This presentation proposes a critical examination of generative AI as a medium for subversive, investigative, and open-source practice, arguing that machine learning systems are not neutral infrastructures but contested terrains in which artists can operate as tricksters, infiltrators, and counter-archivists. Drawing on Donna Haraway's concept of situated knowledge, I contend that the partial, positionless view inscribed into AI systems constitutes both a site of critique and an opportunity for artistic intervention: a productive instability to be exploited rather than resolved.
I will present three interconnected works that enact this methodological stance. Beautified-AI (The Photographers' Gallery, 2023) deployed AI-generated portrait fabrications to expose the asymmetric logic of identity construction in datafied environments, implicating GDPR frameworks and surveillance capitalism within an augmented reality intervention. Deepdreamcatcher (Matadero Madrid, 2024) pursued a speculative inquiry into machine consciousness through live-coded soundscapes and generative imagery, destabilising the boundary between tool and agent. My research paper, Restoration and the Use of Variational Autoencoders (VAE) in Algorithmic Rituals (A+E Lab, 2025), theorises generative reconstruction as a form of ritual repair, asking what is lost, what is invented, and who decides, when a model regenerates the past.
Collectively, these works operate within the logic Lucy Lippard attributes to activist art: simultaneously inside and outside institutional structures, working with imperfection and failure as generative conditions. I will argue that subversive AI practice, low-budget, self-directed, and ethically entangled offers a model of research and production that resists the consolidation of machine learning knowledge within corporate or purely technocratic frames, and ask how artists might continue to sidestep, hijack, and occupy these systems.

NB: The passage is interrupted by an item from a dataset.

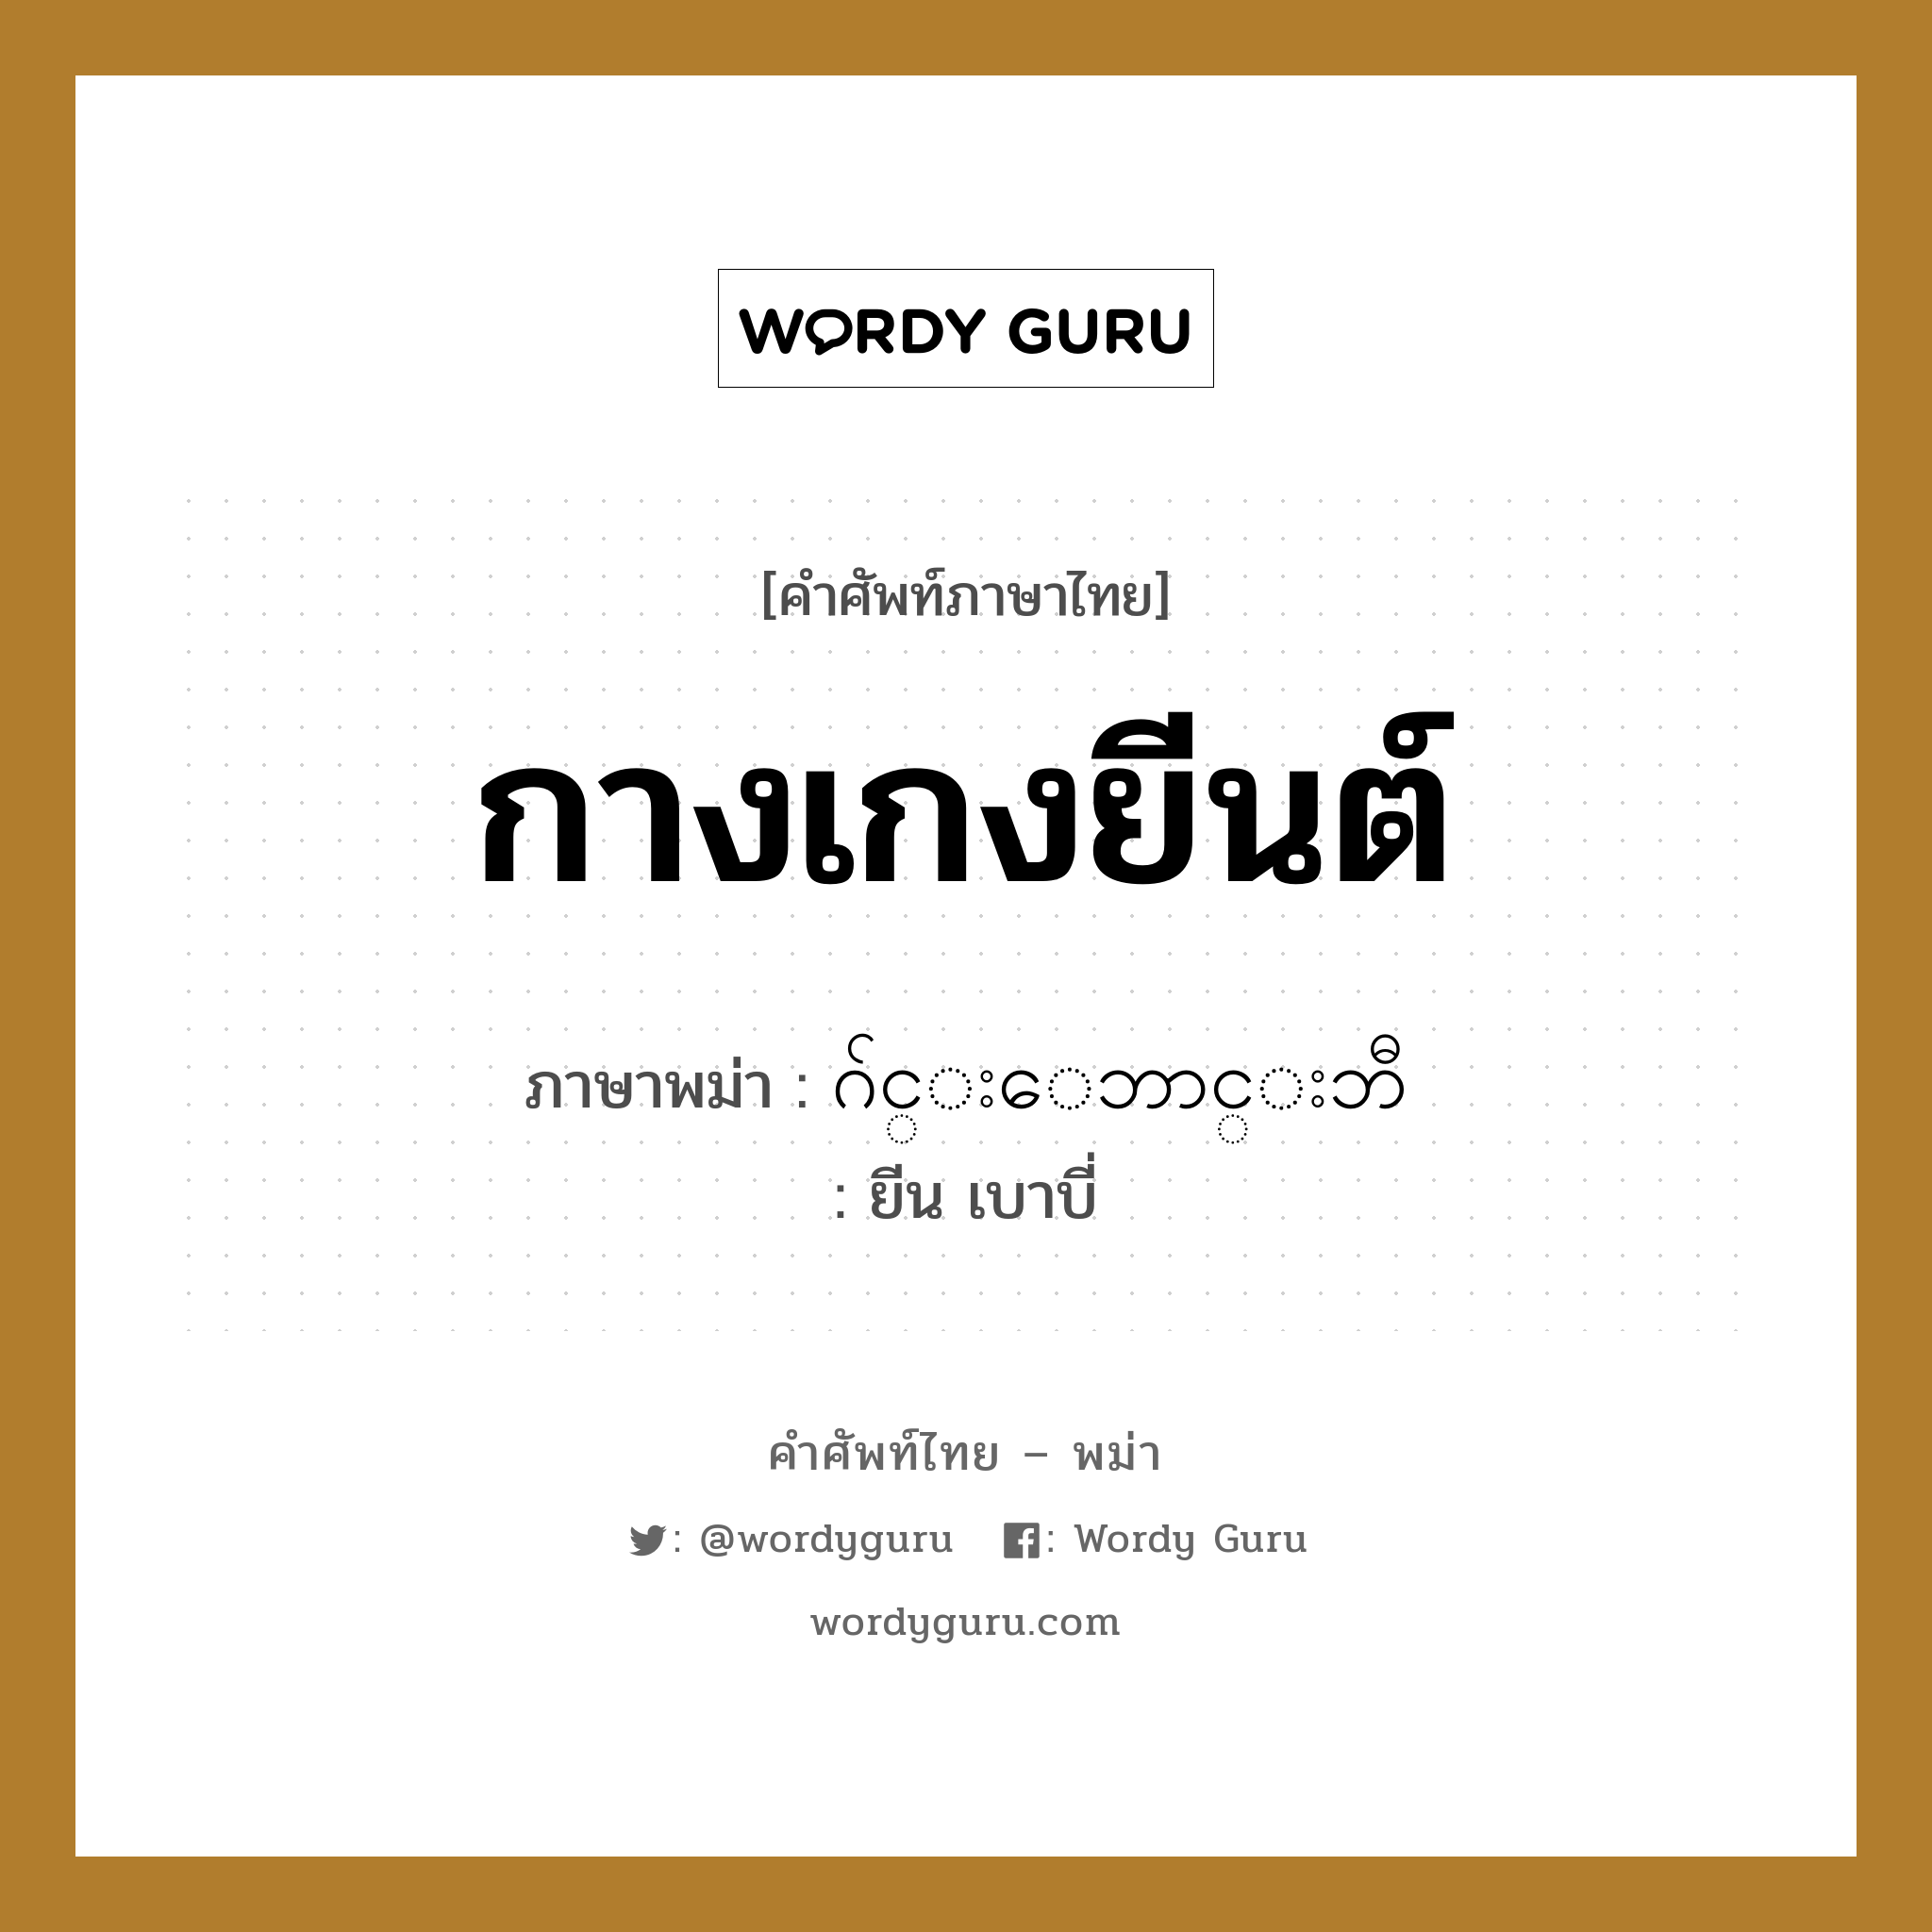 กางเกงยีนต์ ภาษาพม่าคืออะไร, คำศัพท์ภาษาไทย - พม่า กางเกงยีนต์ ภาษาพม่า ဂ်င္းေဘာင္းဘီ หมวด หมวดของใช้ส่วนตัว ยีน เบาบี่ หมวด หมวดของใช้ส่วนตัว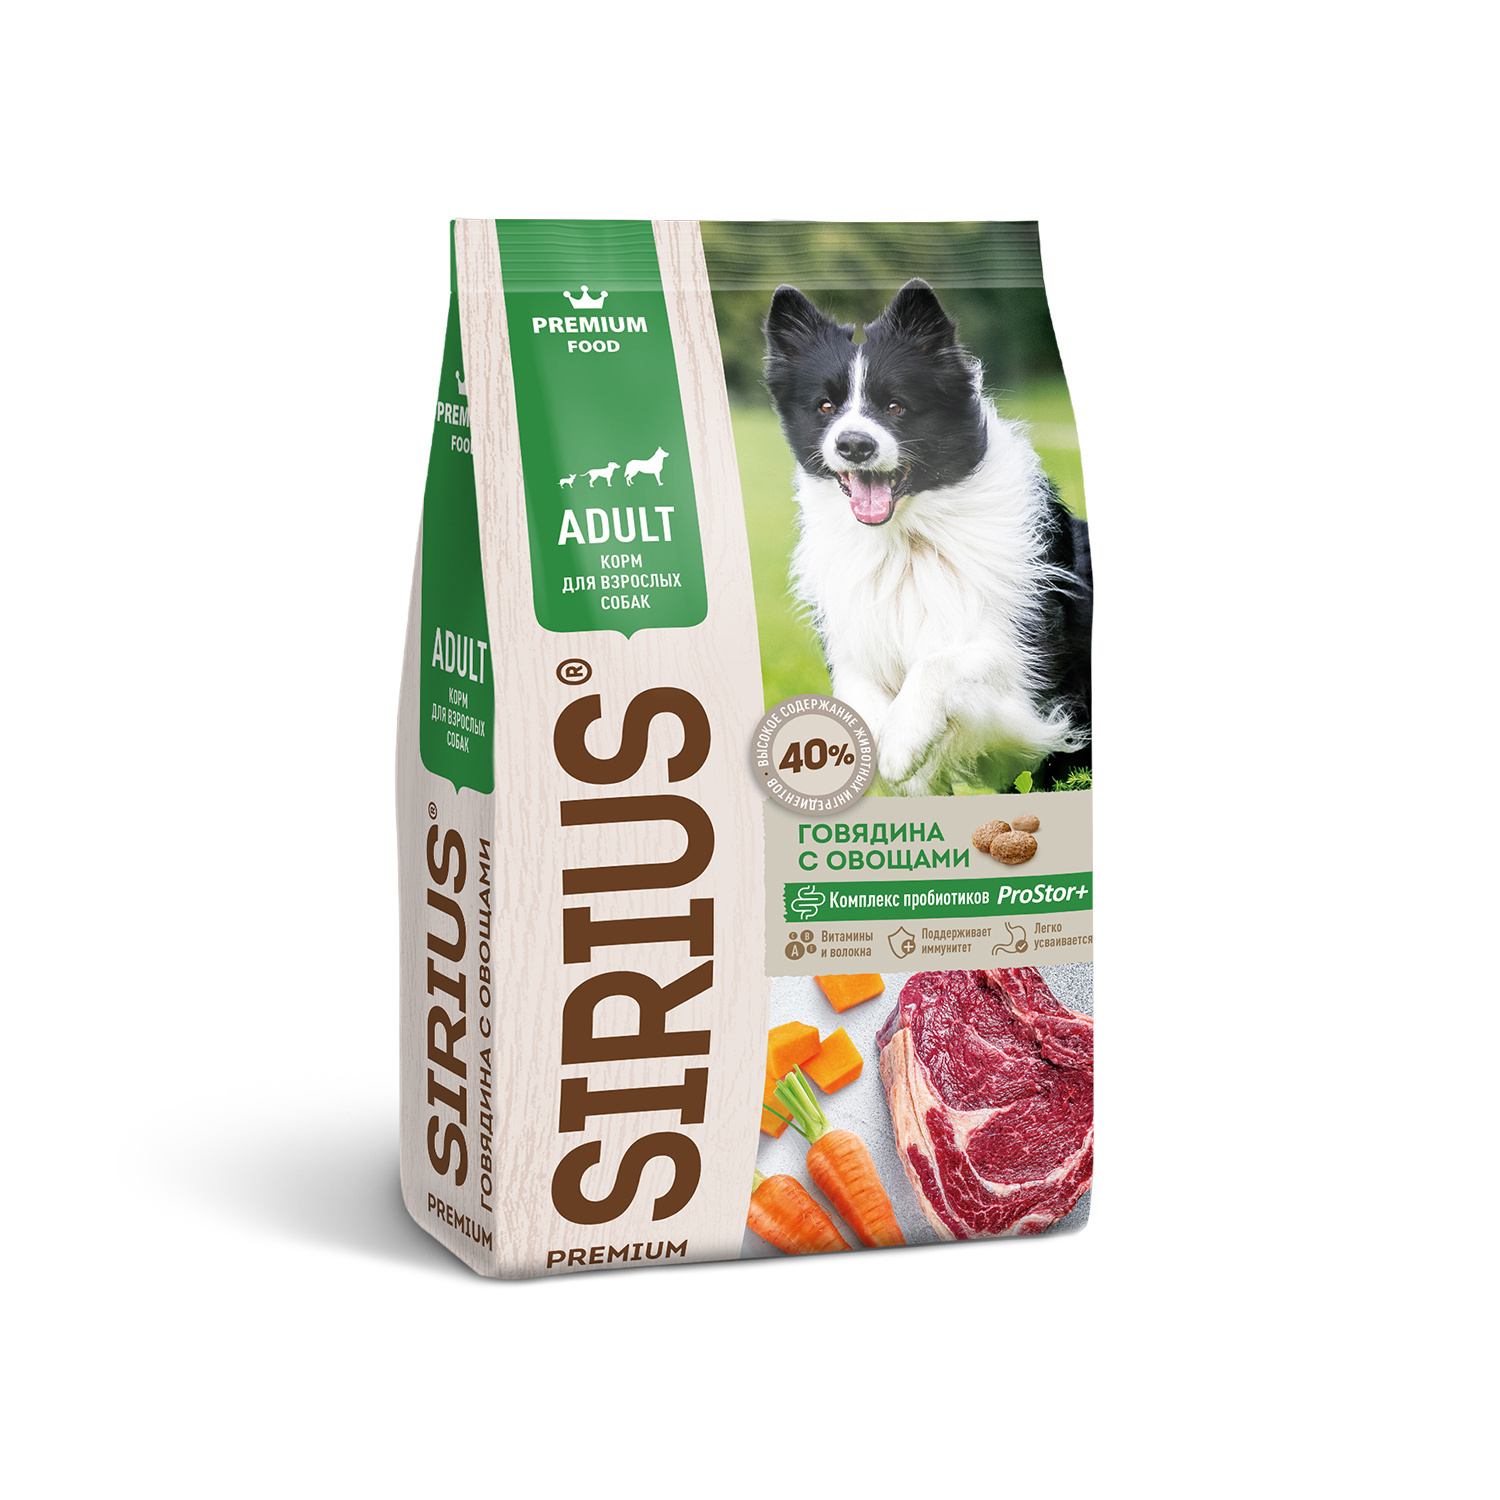 Sirius Sirius сухой корм для собак, говядина с овощами (15 кг) sirius sirius сухой корм для щенков и молодых собак ягненок с рисом 15 кг

Leda Sadotti is a creative technologist and researcher working at the intersection of generative AI,computational media, and subversive digital practice. Based in London, she holds a BSc in Creative Computing from the University of the Arts London and currently works as Creative Technology Technician at UAL's Creative Computing Institute.
Her practice engages critically with machine learning systems as sites of contestation, probing fabricated identity, algorithmic ritual, and AI consciousness.
She has exhibited and presented internationally, including at The Photographers' Gallery, Matadero Madrid, The Wrong Biennale, and MACA Amsterdam, and has authored research on Variational Autoencoders in algorithmic practice.